------ Input ------
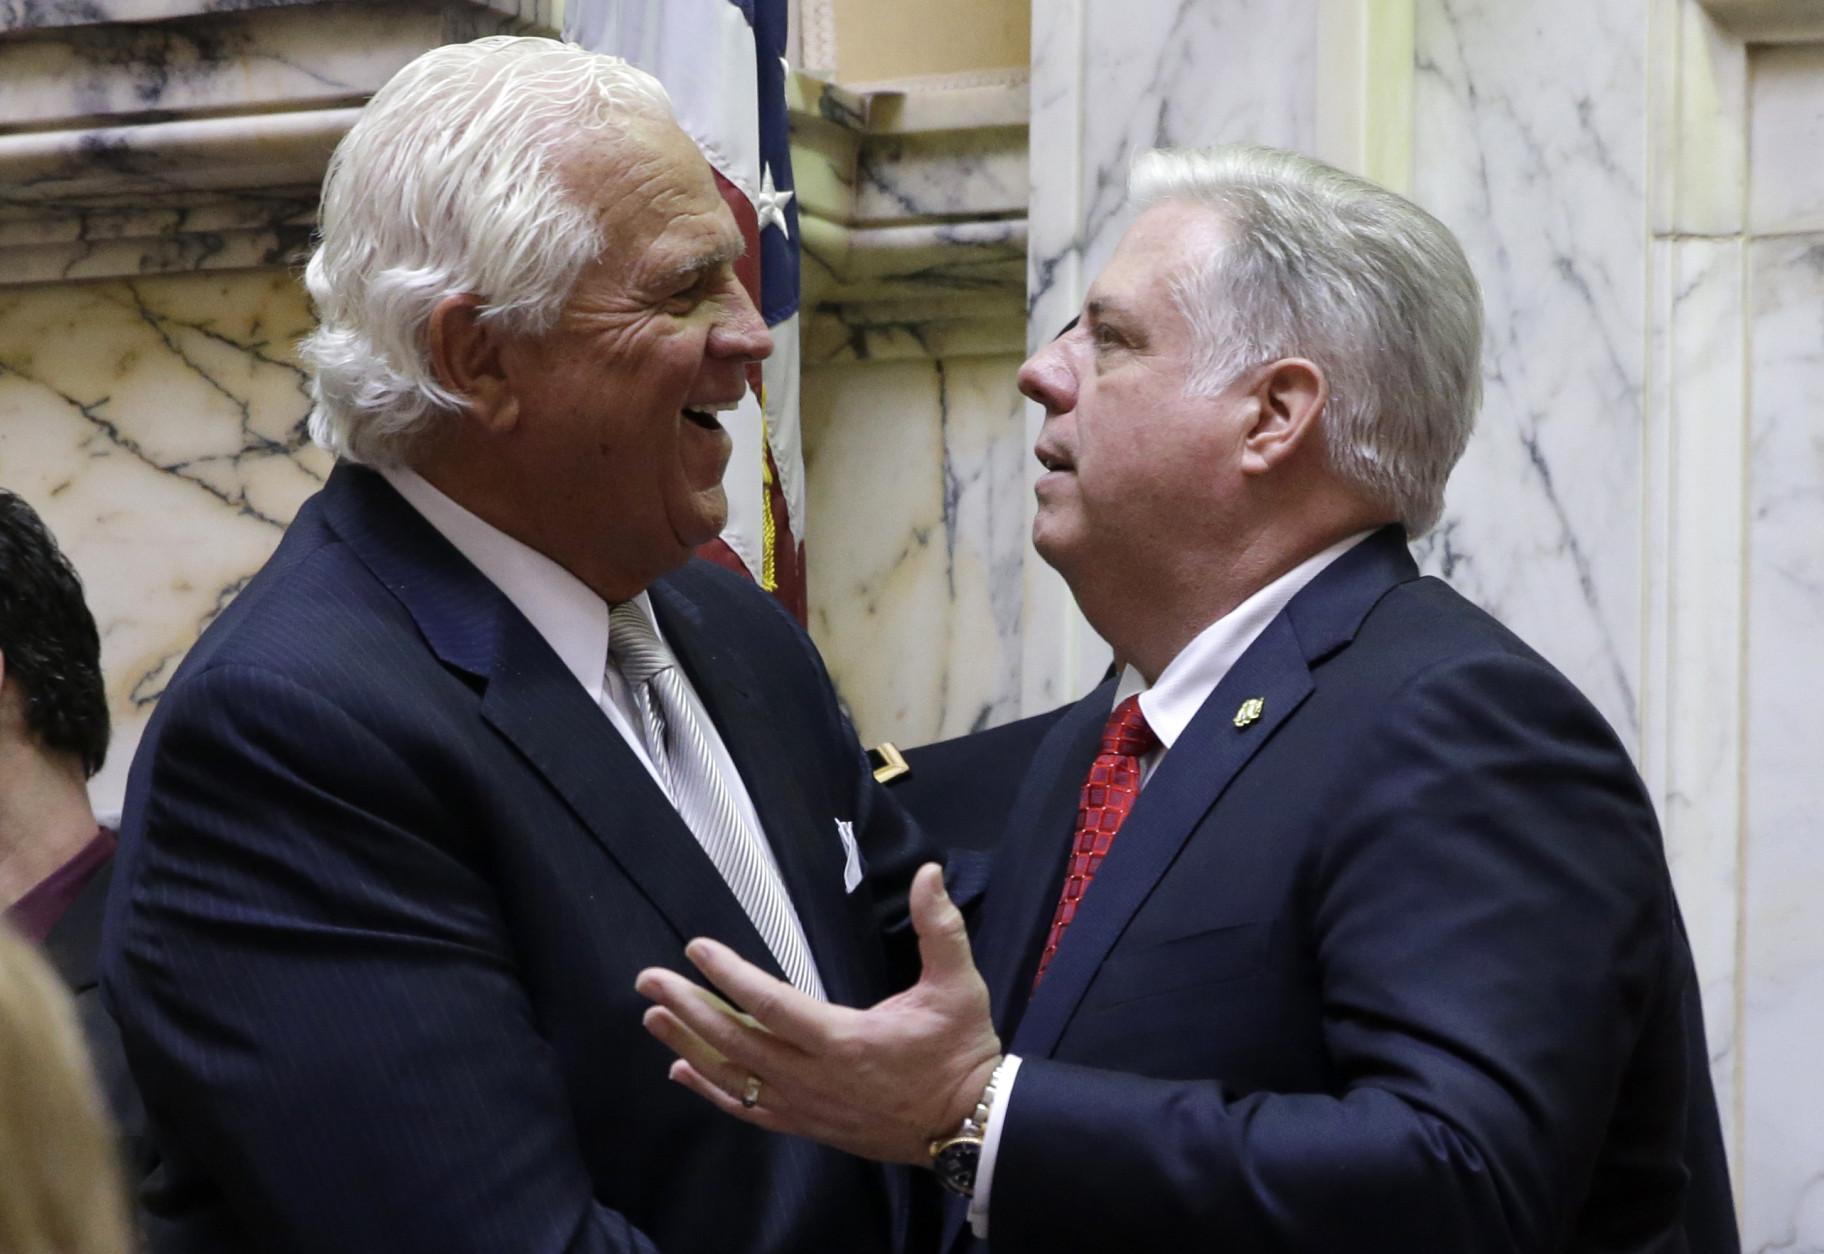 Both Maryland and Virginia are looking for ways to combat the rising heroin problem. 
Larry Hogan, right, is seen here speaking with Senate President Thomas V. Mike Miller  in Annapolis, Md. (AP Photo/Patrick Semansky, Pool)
------
------ Input ------
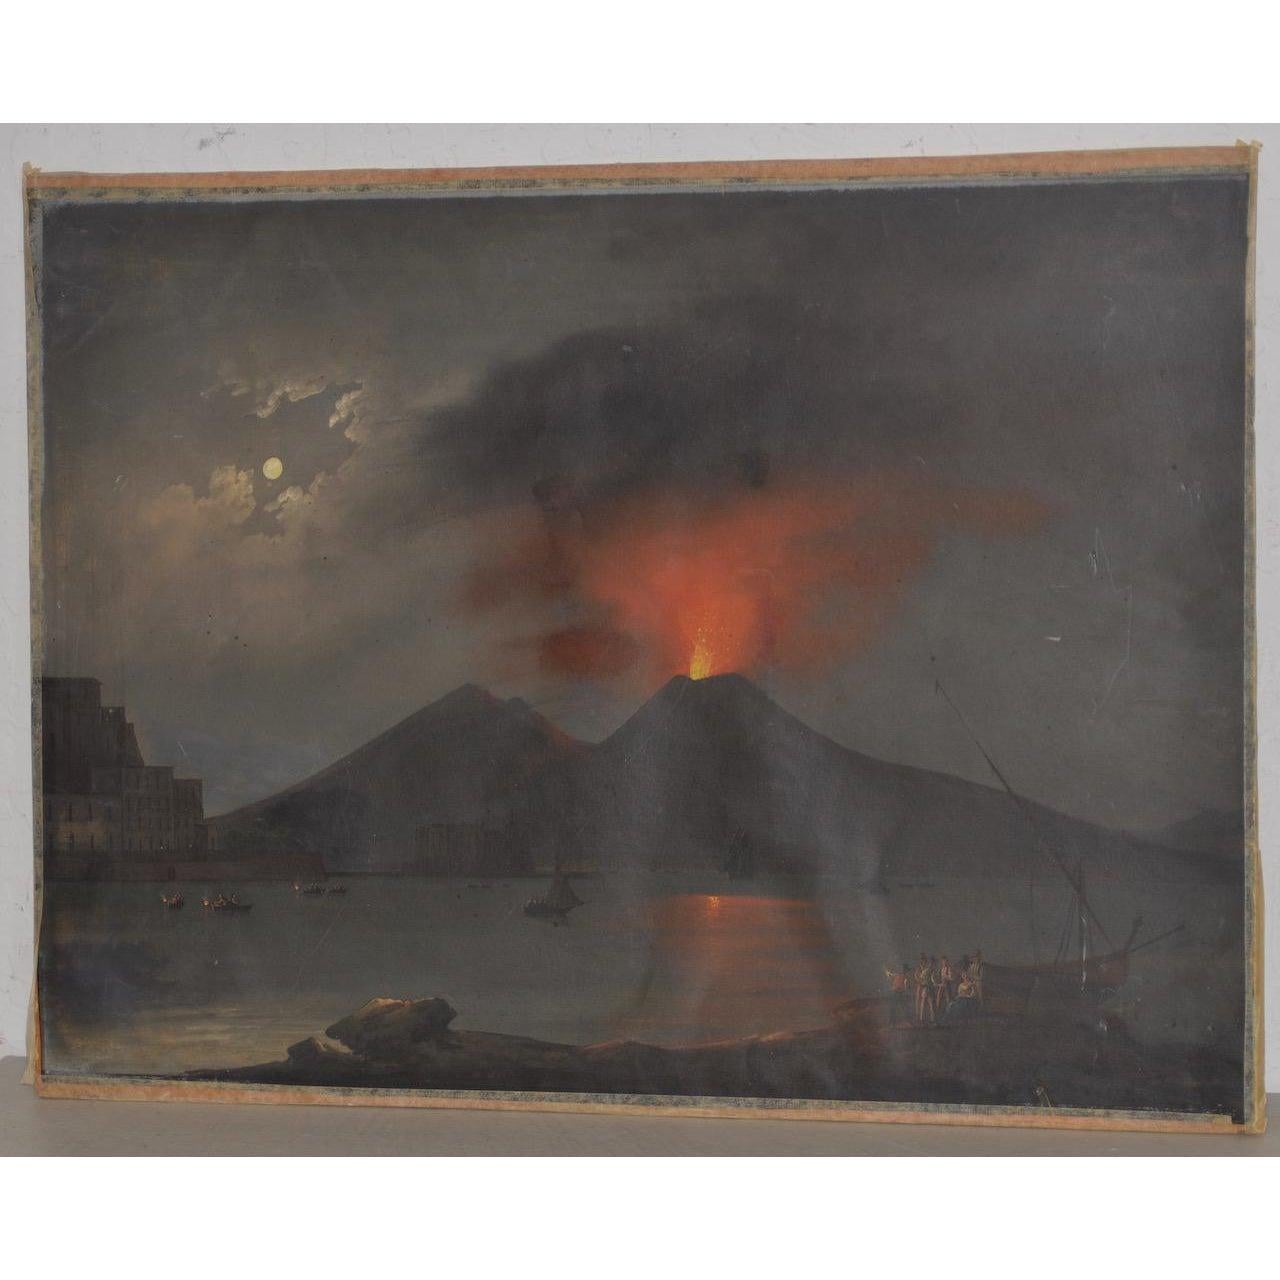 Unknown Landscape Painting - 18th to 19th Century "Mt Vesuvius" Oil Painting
------
------ Input ------
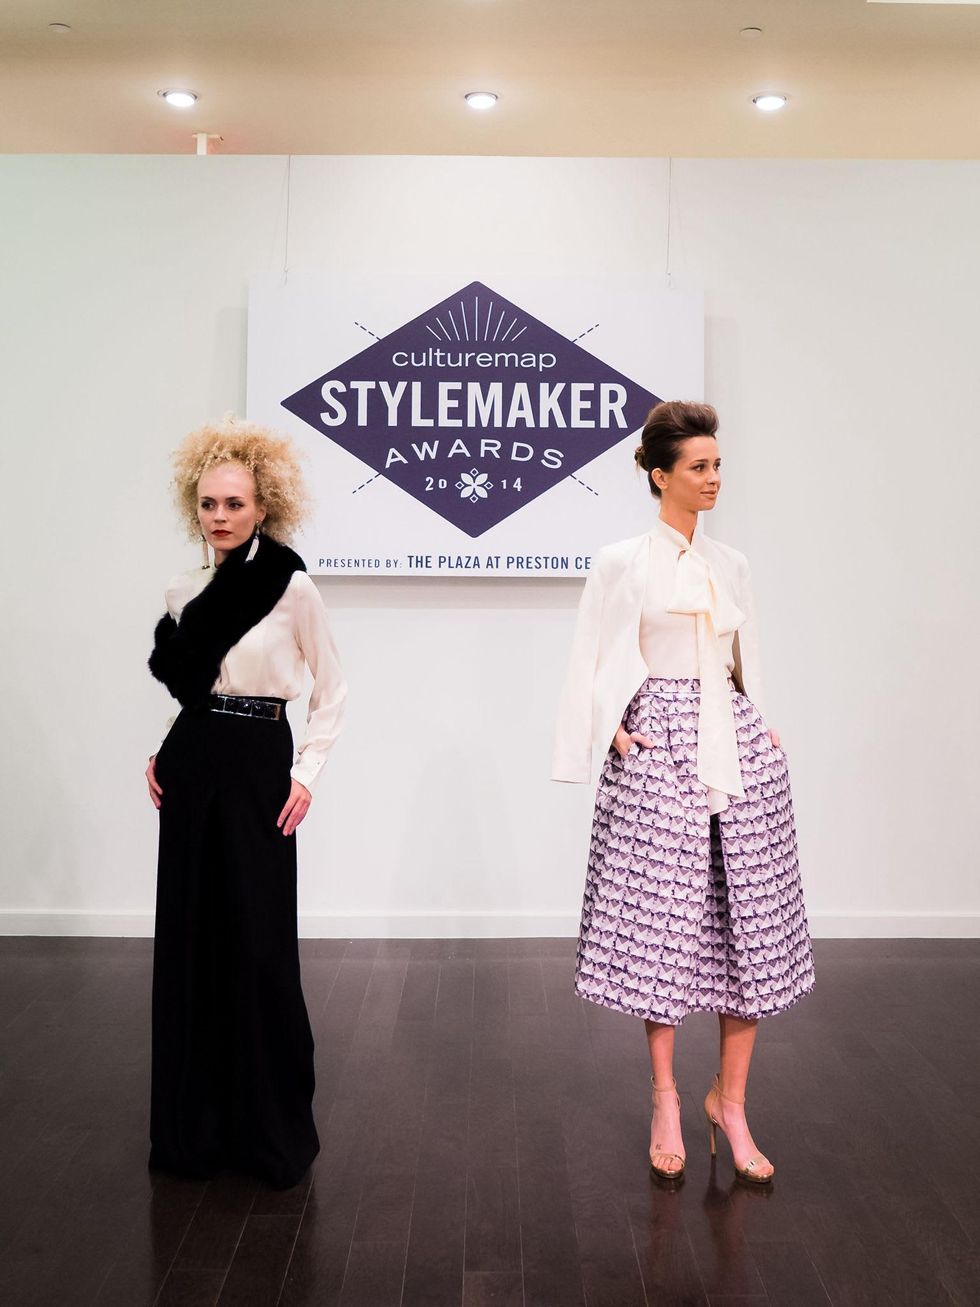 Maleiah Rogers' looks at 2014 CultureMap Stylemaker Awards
------
* About this exercise
For this task, return exactly the stretch of the listing above from the line with "Both Maryland and" through the line with "Larry Hogan, right, is", inclusive and without pictures.

* Response area
 Both Maryland and Virginia are looking for ways to combat the rising heroin problem. 
Larry Hogan, right, is seen here speaking with Senate President Thomas V. Mike Miller  in Annapolis, Md. (AP Photo/Patrick Semansky, Pool)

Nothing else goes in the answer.